To allow the Secretariat to schedule a BoF slot if it is approved, each entry MUST include the following items:

  • Long name and abbreviation
  • Description, including whether the BoF is intended to form a WG or not
  • The responsible Area Director (AD)
  • BoF Chairs (or the ADs as placeholders)
  • Number of people expected to attend
  • Length of session (1, 1.5, 2, or 2.5 hours)
  • Conflicts to avoid (whole Areas and/or WGs)
  • Links to the mailing list, draft charter if any, relevant Internet-Drafts, etc.

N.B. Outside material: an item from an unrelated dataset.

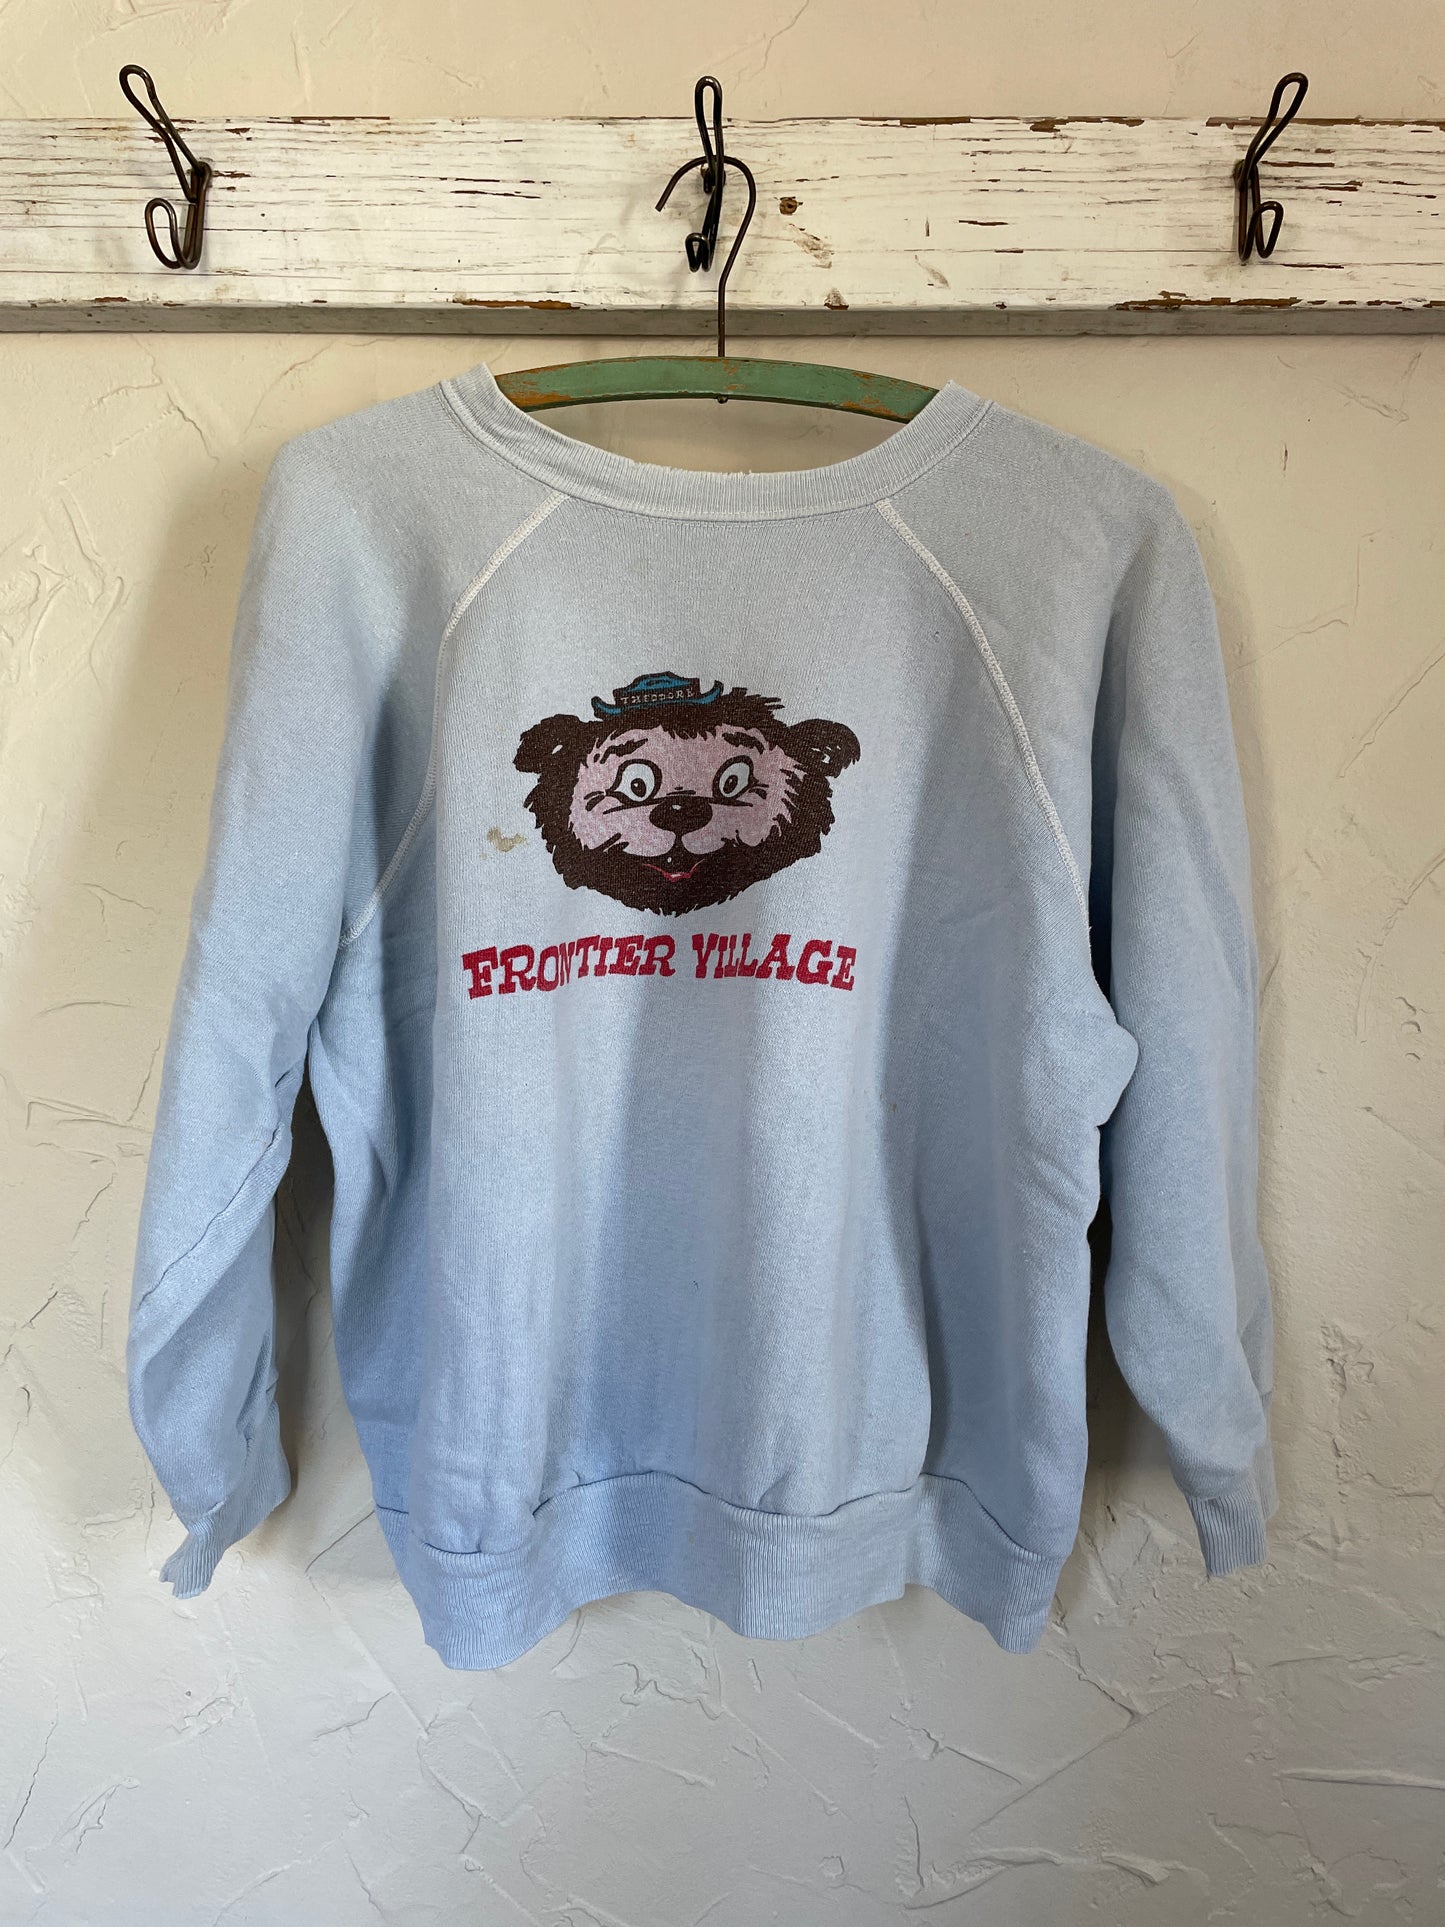 70s Frontier Village Sweatshirt

To allow evaluation of your proposal, please include the following items:

  • Please list any protocols or practices that already exist in this space.
  • If any modifications to existing protocols or practices are required, please list them.
  • If any entirely new protocols or practices are required, please list them.
  • (Optional) Please list any open source projects implementing this work.

Template for BOF Entry =

Timeframe IETF 101 (London)

Current schedule of "Important Dates" requires that all BOF proposal requests be submitted to Area Directors (ADs) by 2359 UTC Friday, 2018-02-02. The IAB and IESG will hold a joint teleconference to discuss the proposals. ADs will be expected to approve or disapprove the BOF request on that teleconference, ensuring that the Secretariat has all of the information to put the first draft of the agenda together on or before 2018-02-16.

Applications and Real-Time

General

IETF Administrative Support Activity 2.0 (IASA20) - APPROVED FOR IETF 101

Description:

The purpose of this non-WG-forming BOF is to continue discussions from IETF 98, 99, and 100 and the iasa20@ietf.org mailing list regarding refactoring the IETF Administrative Support Activity (IASA). There is currently legal work underway to analyze the range of options in which the community expressed interest at IETF 100. That analysis should be available for community discussion well in advance of IETF 101, so this session will provide an opportunity for high-bandwidth exchange about that.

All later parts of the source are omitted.